Published online by Cambridge University Press: 05 September 2015
The academic discipline of psychology was founded institutionally in Germany at the end of the nineteenth century. It was a natural outgrowth of the progressive German university system, which was hospitable to the development of new disciplines such as linguistics and psychology. Wilhelm Wundt (1832–1920), who founded scientific psychology in Germany in 1879, the year he set up his experimental laboratory at the University of Leipzig, characterized the new discipline as physiological psychology. This was not because he believed that psychological states and processes must be reductively explained in terms of physiological states and processes, but because he believed that scientific psychology should appropriate the experimental methods that had proved so successful in the development of nineteenth-century German physiology.
Wundt's new experimental program attracted many foreign students, including many Americans, who sought to attain professional qualifications in the new discipline. Having mastered the elements of the new psychology and the structure of the German university system, they returned home to create their own laboratories and PhD programs in psychology.

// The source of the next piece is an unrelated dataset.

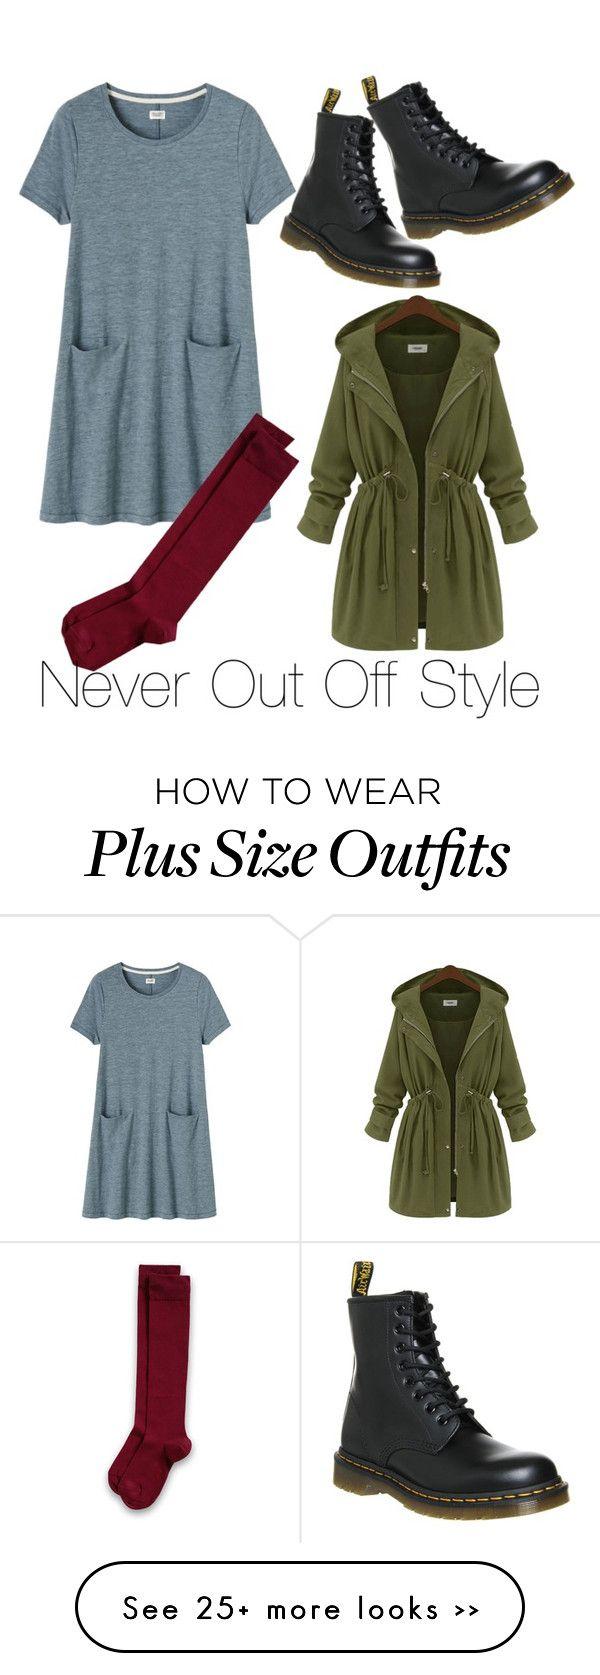 5 ways to wear a plus size parka - 5-ways-to-wear-a-plus-size-parka

Wundt's distinctive form of scientific psychology was eventually displaced within Germany as rival programs were created at other German universities. As the twentieth century advanced, German psychology, which faced increasing opposition from the philosophical community, developed into precisely the type of applied discipline that Wundt feared it would become. In a sense, Wundt's fate was like that of the sorcerer's apprentice. In creating a form of scientific psychology based upon laboratory science, he unleashed powerful forces that he was unable to control – forces that, over a few generations, radically transformed the discipline (Danziger, 1990, p. 34).

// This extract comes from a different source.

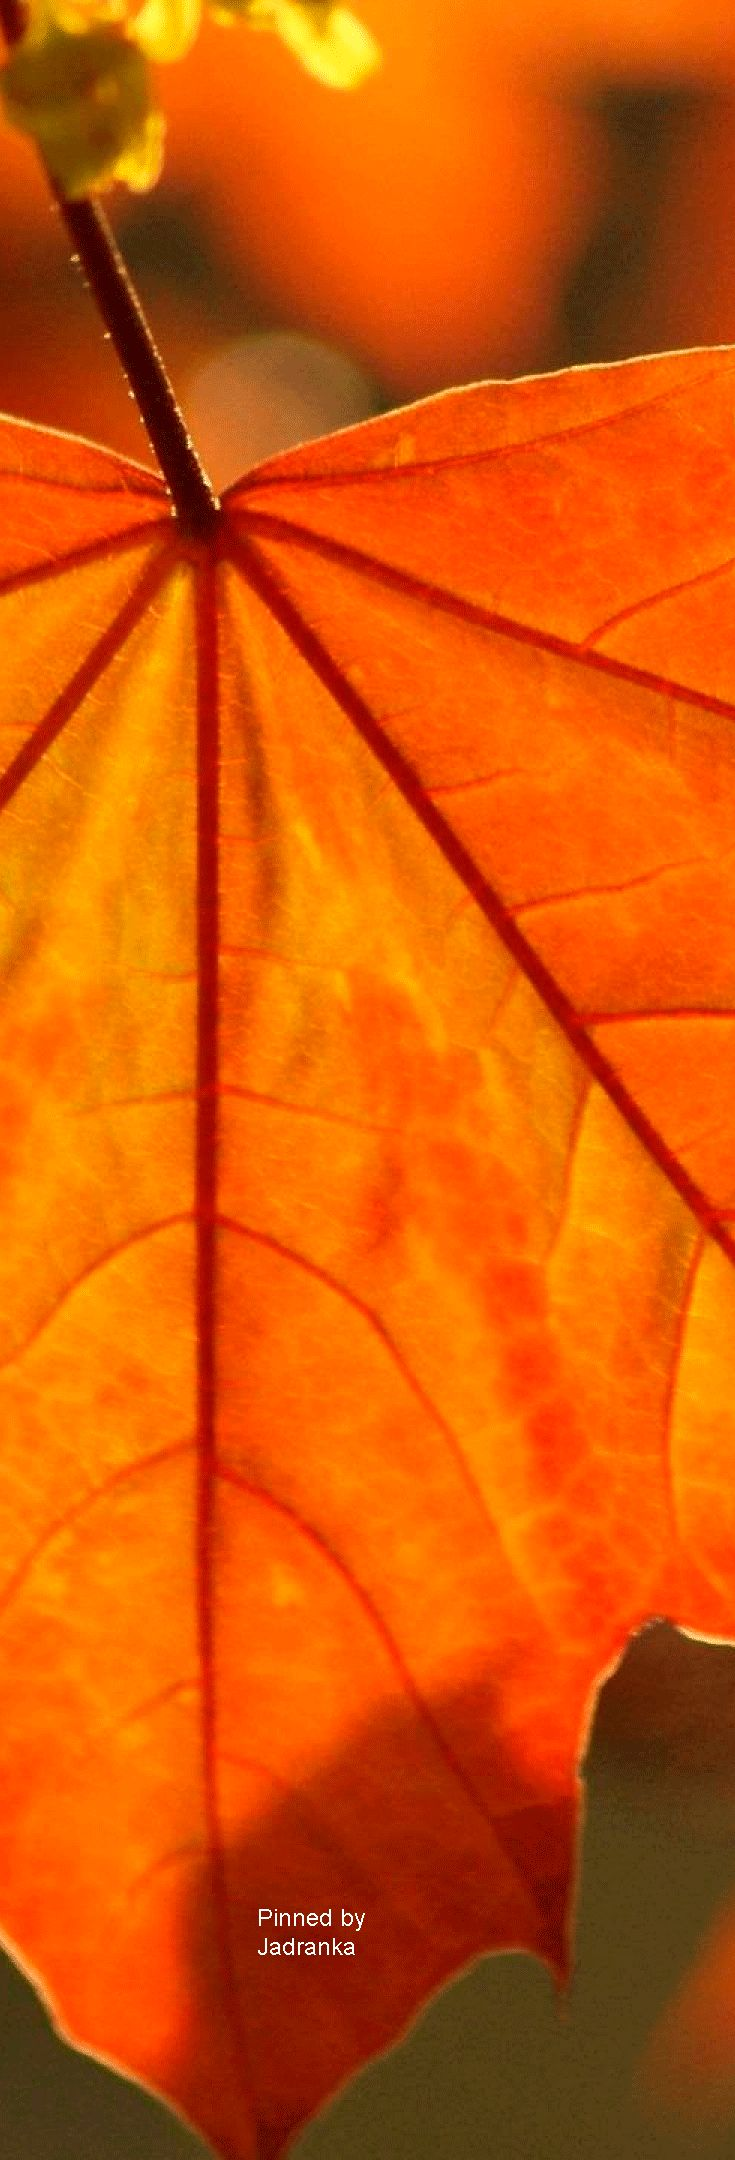 Beautiful Autumn Orange Leaf

Psychology in Germany before Wundt
Psychology had been recognized as a distinctive field of inquiry long before the creation of Wundt's laboratory, and academic philosophers in various countries had offered courses in the subject. For example, psychology was offered as a course at Marischal College, Aberdeen, in 1755 under the title Pneumology (Robinson, 1986). Christian Wolff (1679–1754), professor of mathematics at the University of Halle, popularized the use of the term psychology in Europe in the eighteenth century.